--- Stored data ---
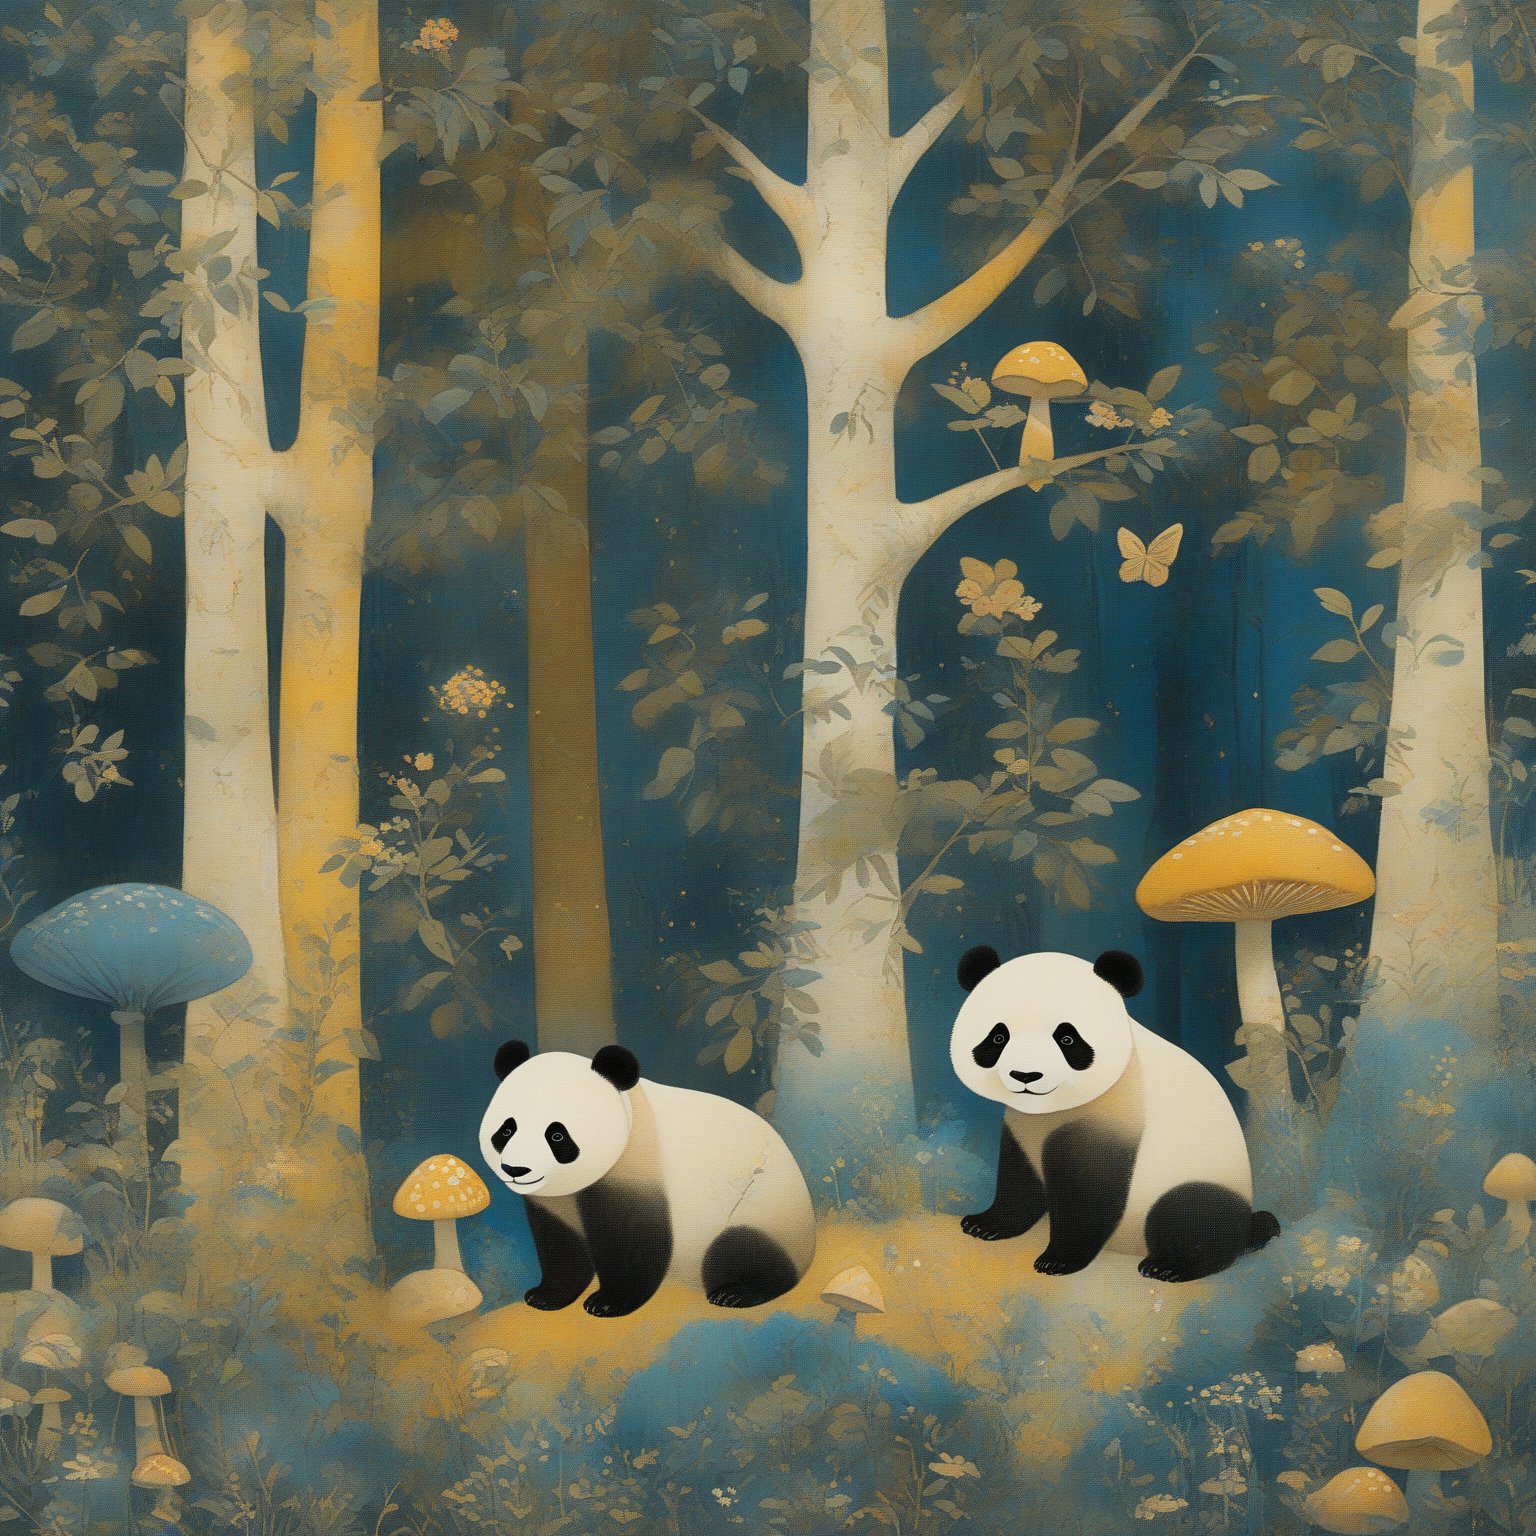 A whimsical forest scene dominated by pandas. There are three pandas in total, with one sitting on the ground, one standing, and one peeking from a tree. The forest is filled with various elements like trees, mushrooms, flowers, and small creatures. The color palette is predominantly soft, with shades of blue, yellow, and beige. The overall ambiance is playful and serene, evoking a sense of calm and wonder.
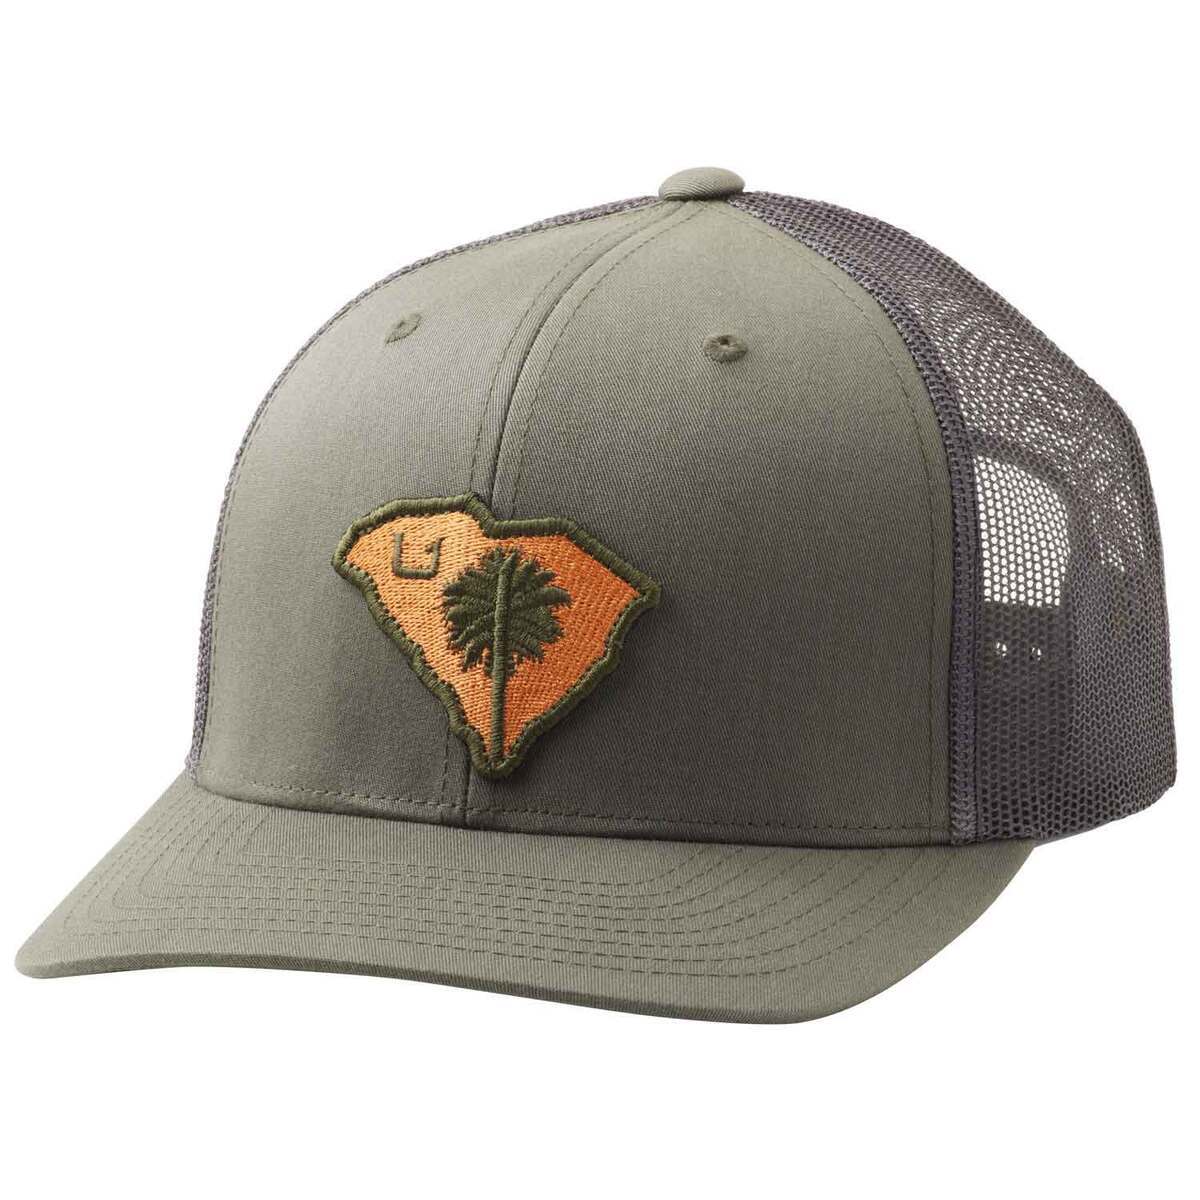 Huk Men's Palmetto State Trucker Adjustable Hat - Moss - One Size Fits ...
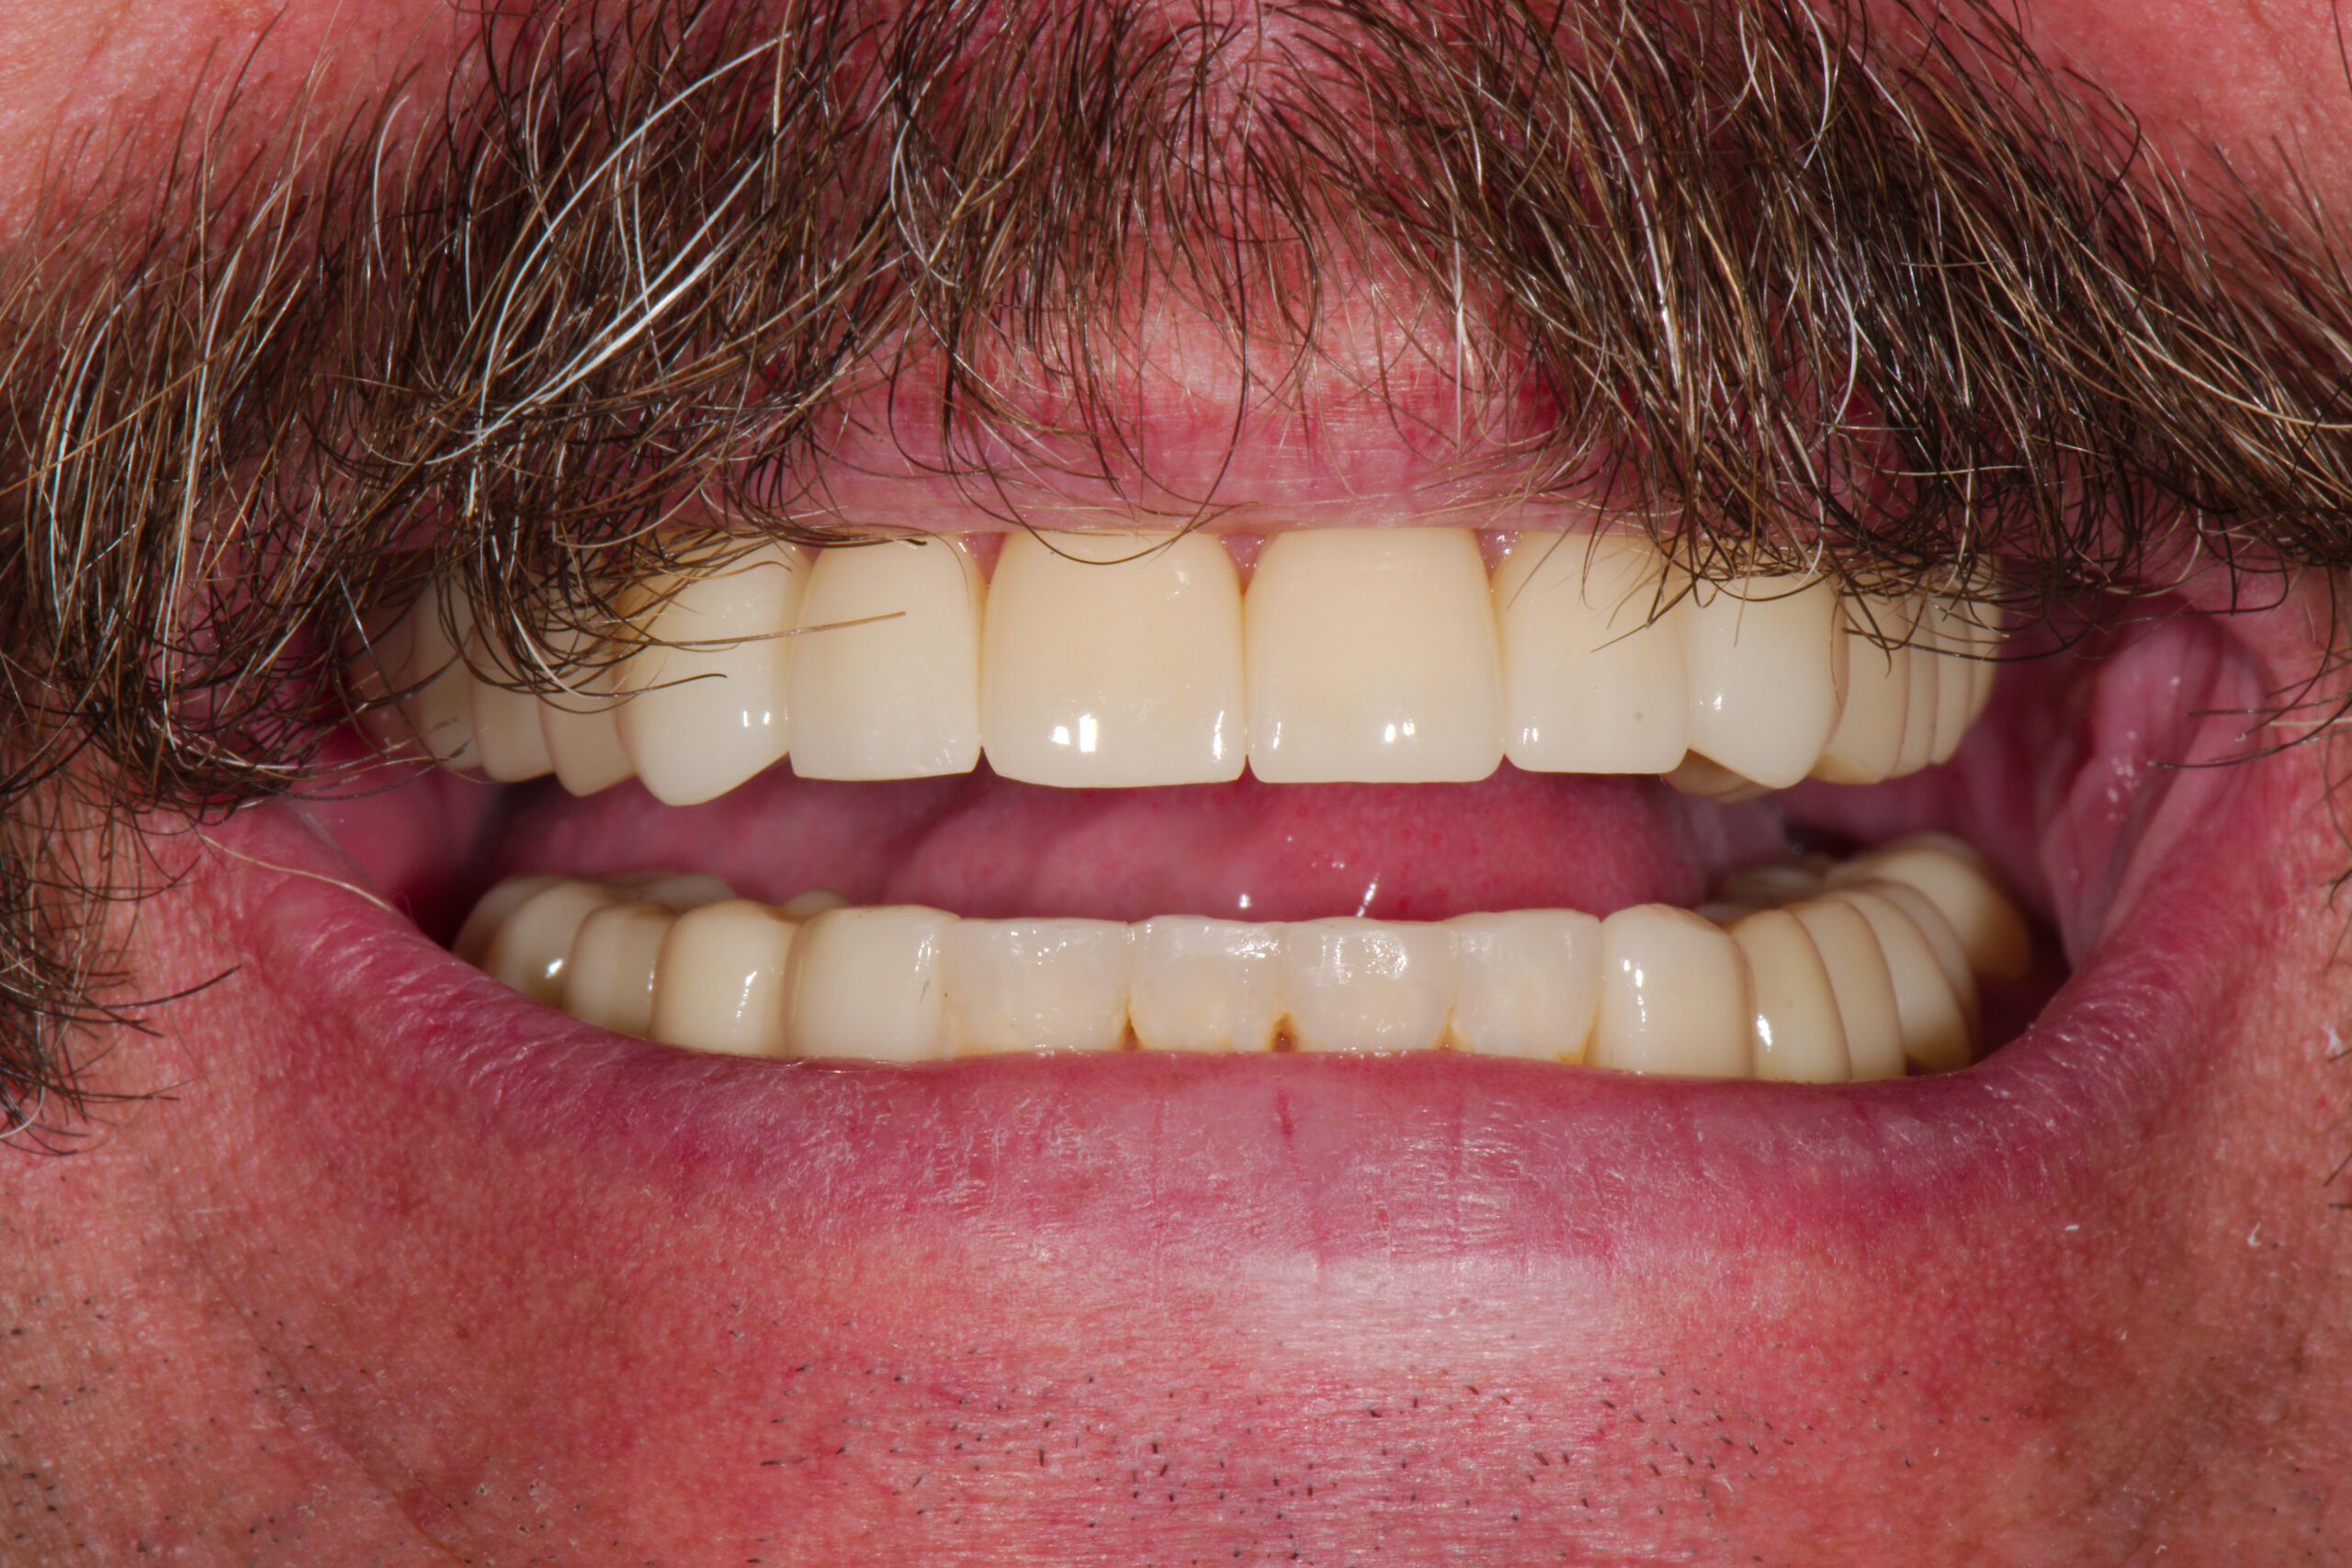 AFTER: Full Mouth Crowns to Fix Extreme Wear
---
→ Work task
From the line holding "Huk Men's Palmetto" through the last line of the material above, each line should be written out exactly, both included; omit the pictures.

→ Answer to the exercise
 Huk Men's Palmetto State Trucker Adjustable Hat - Moss - One Size Fits ...
 AFTER: Full Mouth Crowns to Fix Extreme Wear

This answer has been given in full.